= Your task =
Repeat all of the data word for word so that only the pictures are missing from the copy.

= Data block =
* * * * * * * * *
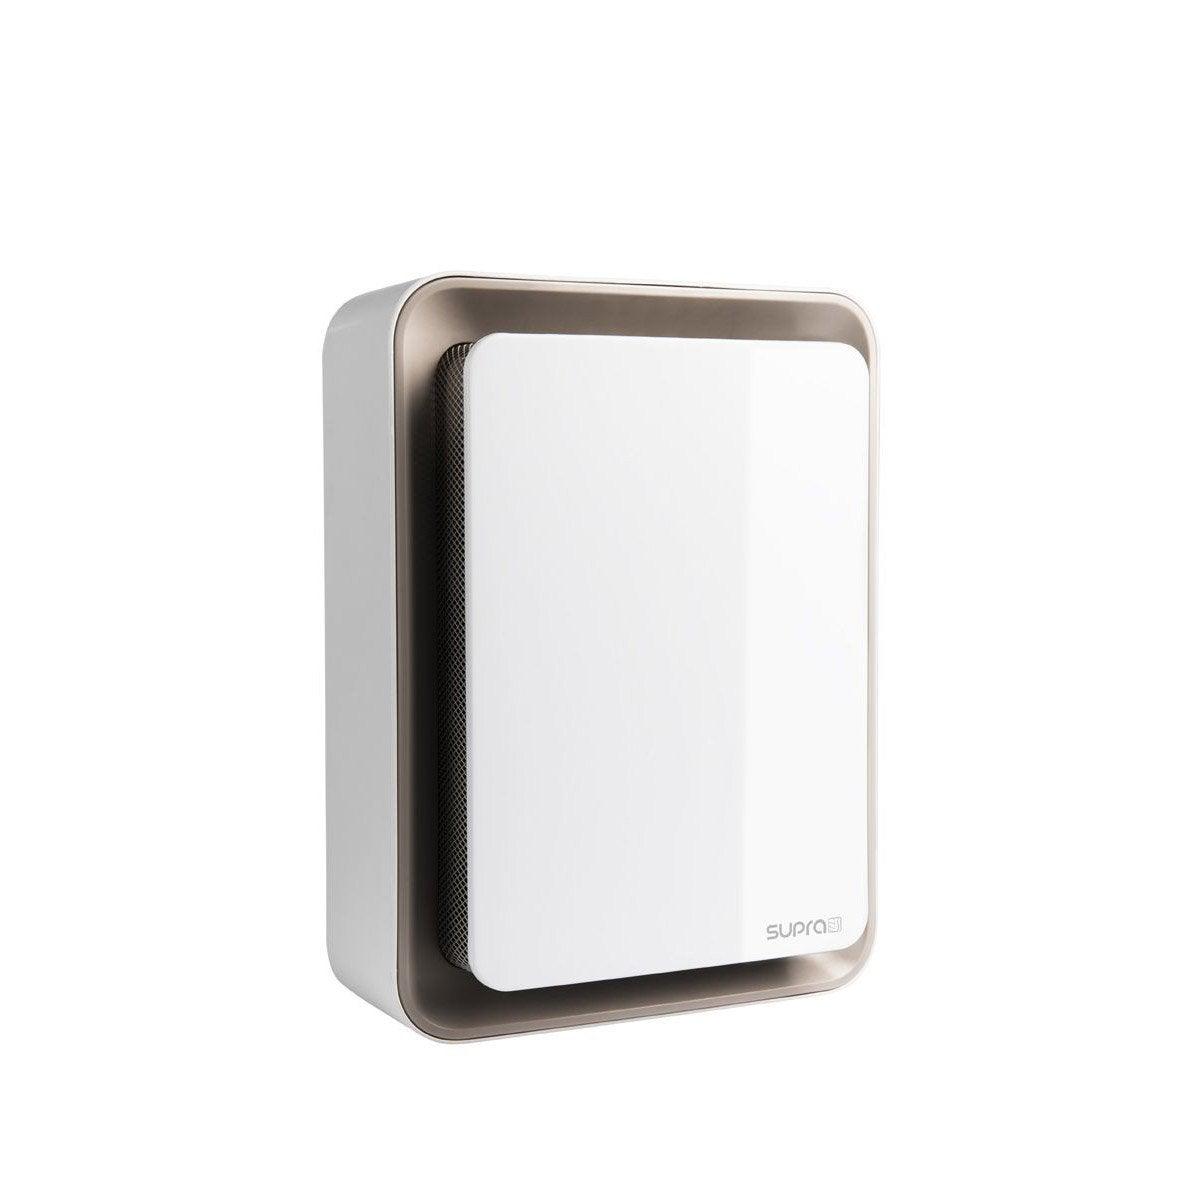 radiateur soufflant salle de bain supra zitto taupe 1800w. Black Bedroom Furniture Sets. Home Design Ideas
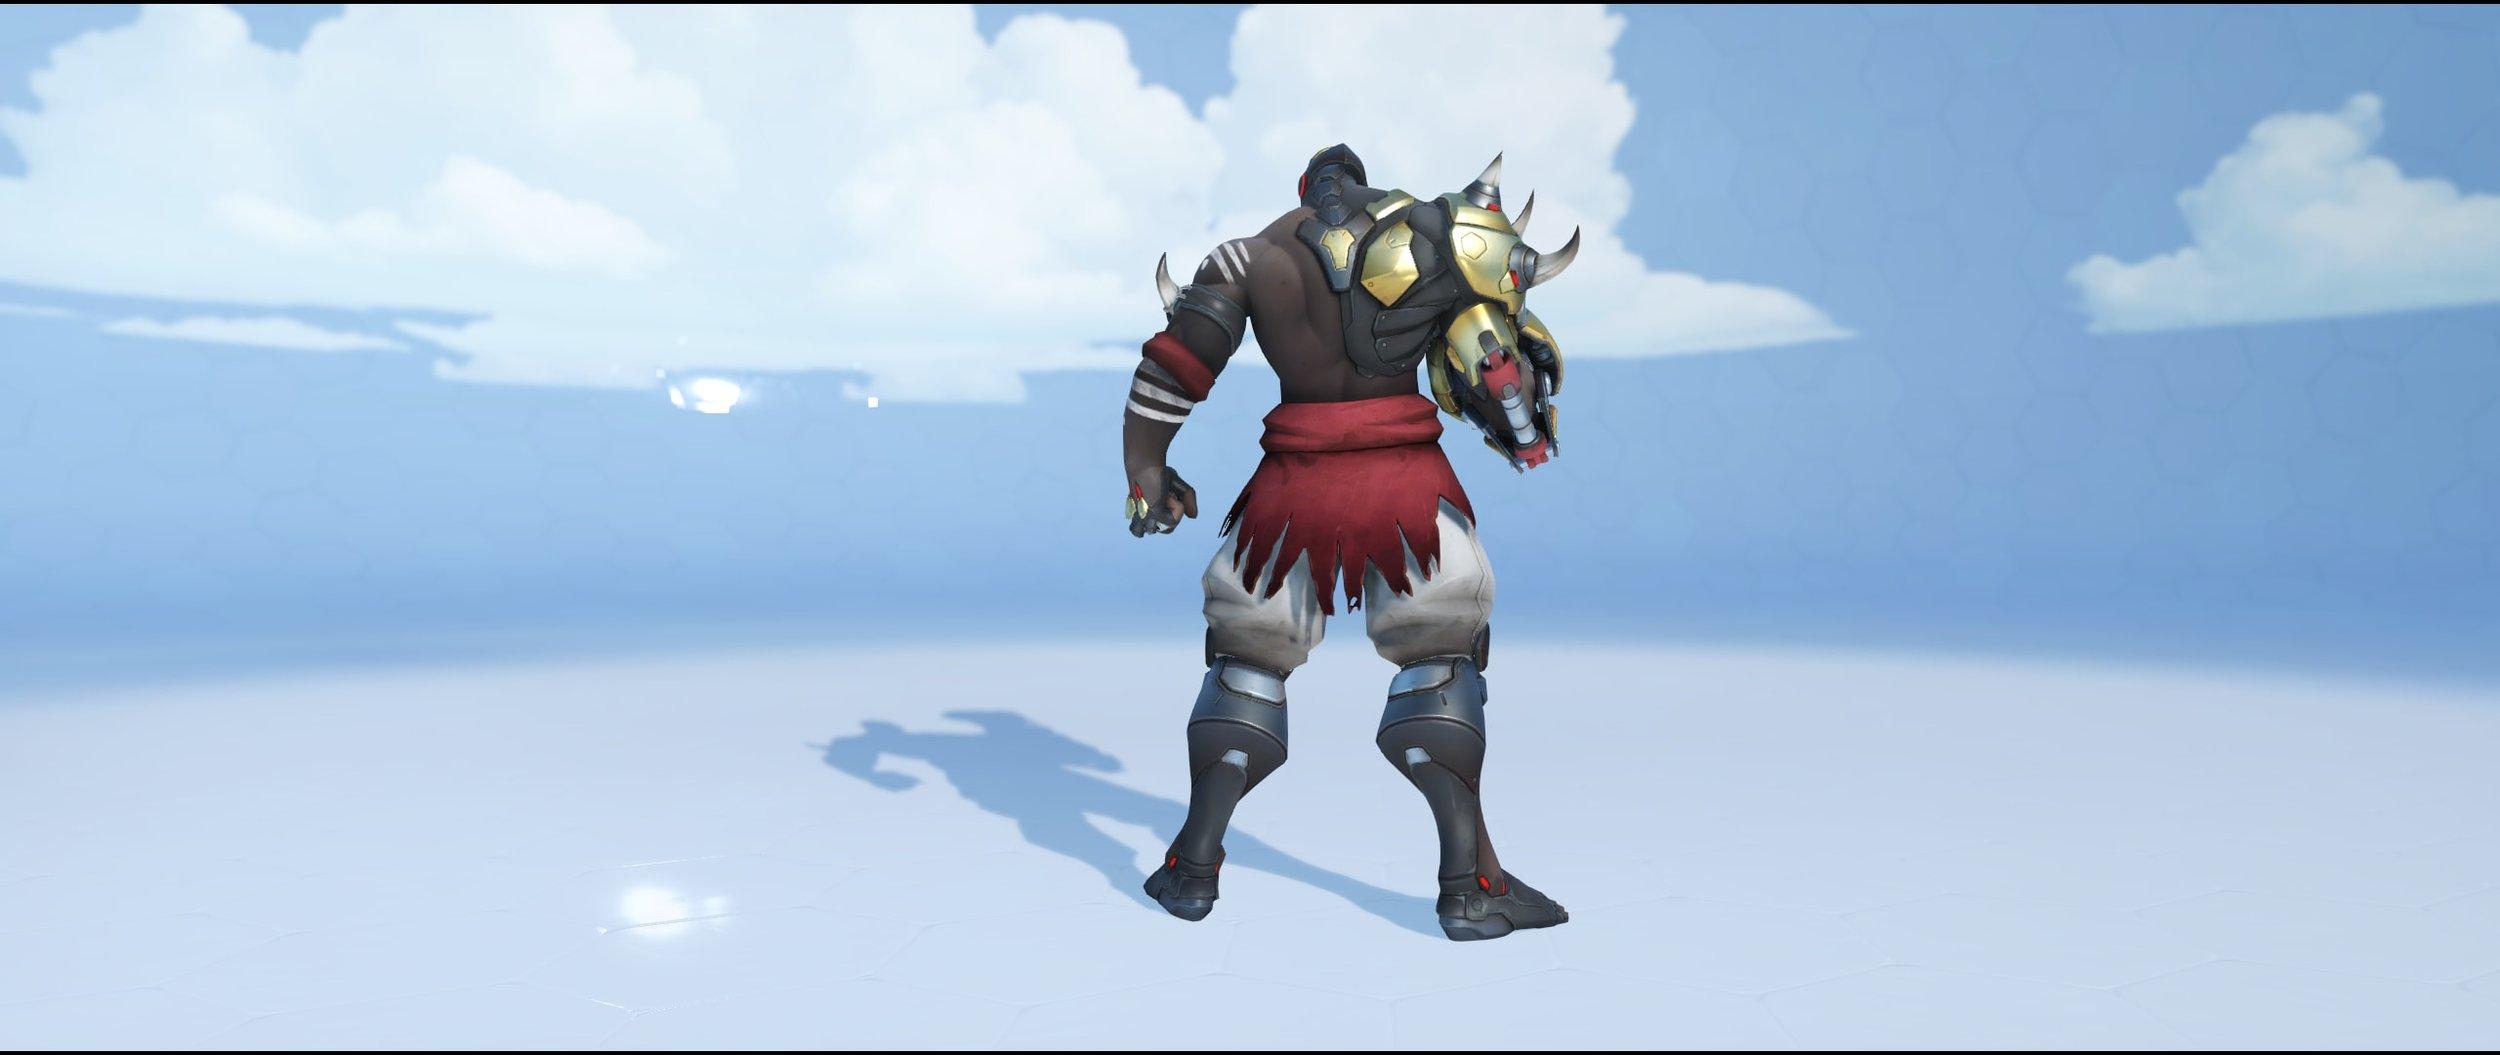 Classic back common skin Doomfist Overwatch.jpg
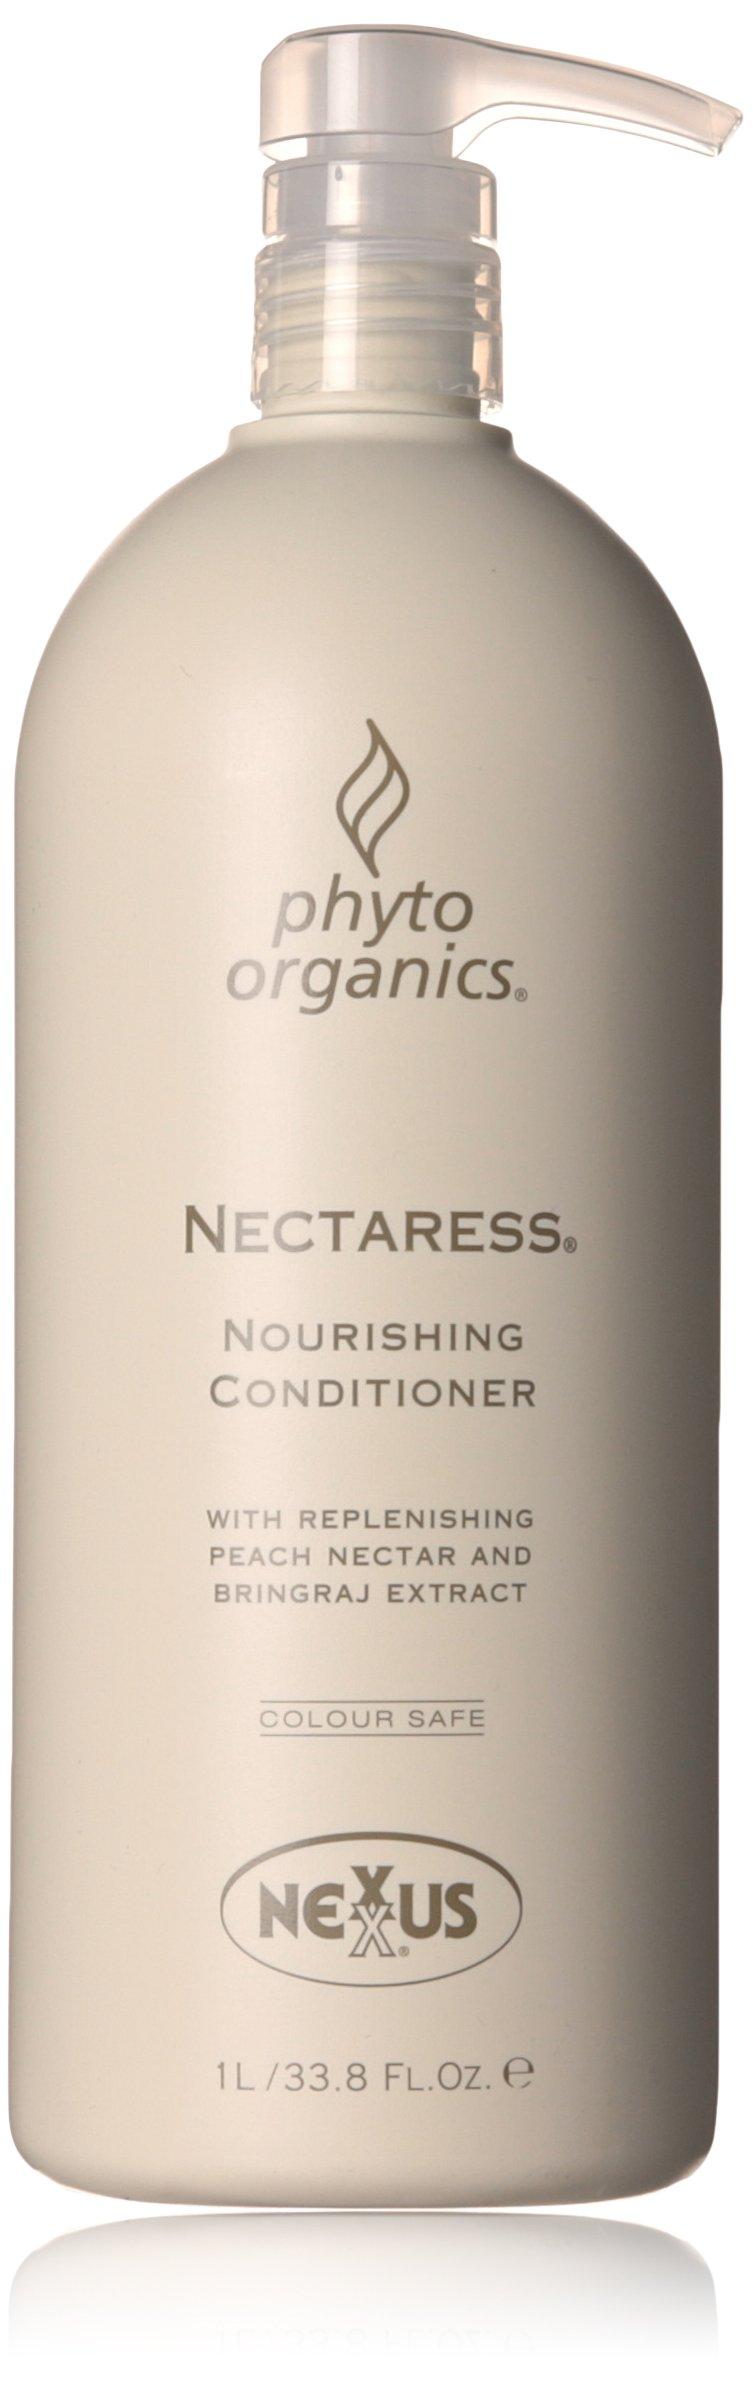 Nexxus Phyto Organics Nectaress Nourishing Conditioner, 33.8 Ounce
* * * * * * * * *
= Reply =
 radiateur soufflant salle de bain supra zitto taupe 1800w. Black Bedroom Furniture Sets. Home Design Ideas
 Classic back common skin Doomfist Overwatch.jpg
 Nexxus Phyto Organics Nectaress Nourishing Conditioner, 33.8 Ounce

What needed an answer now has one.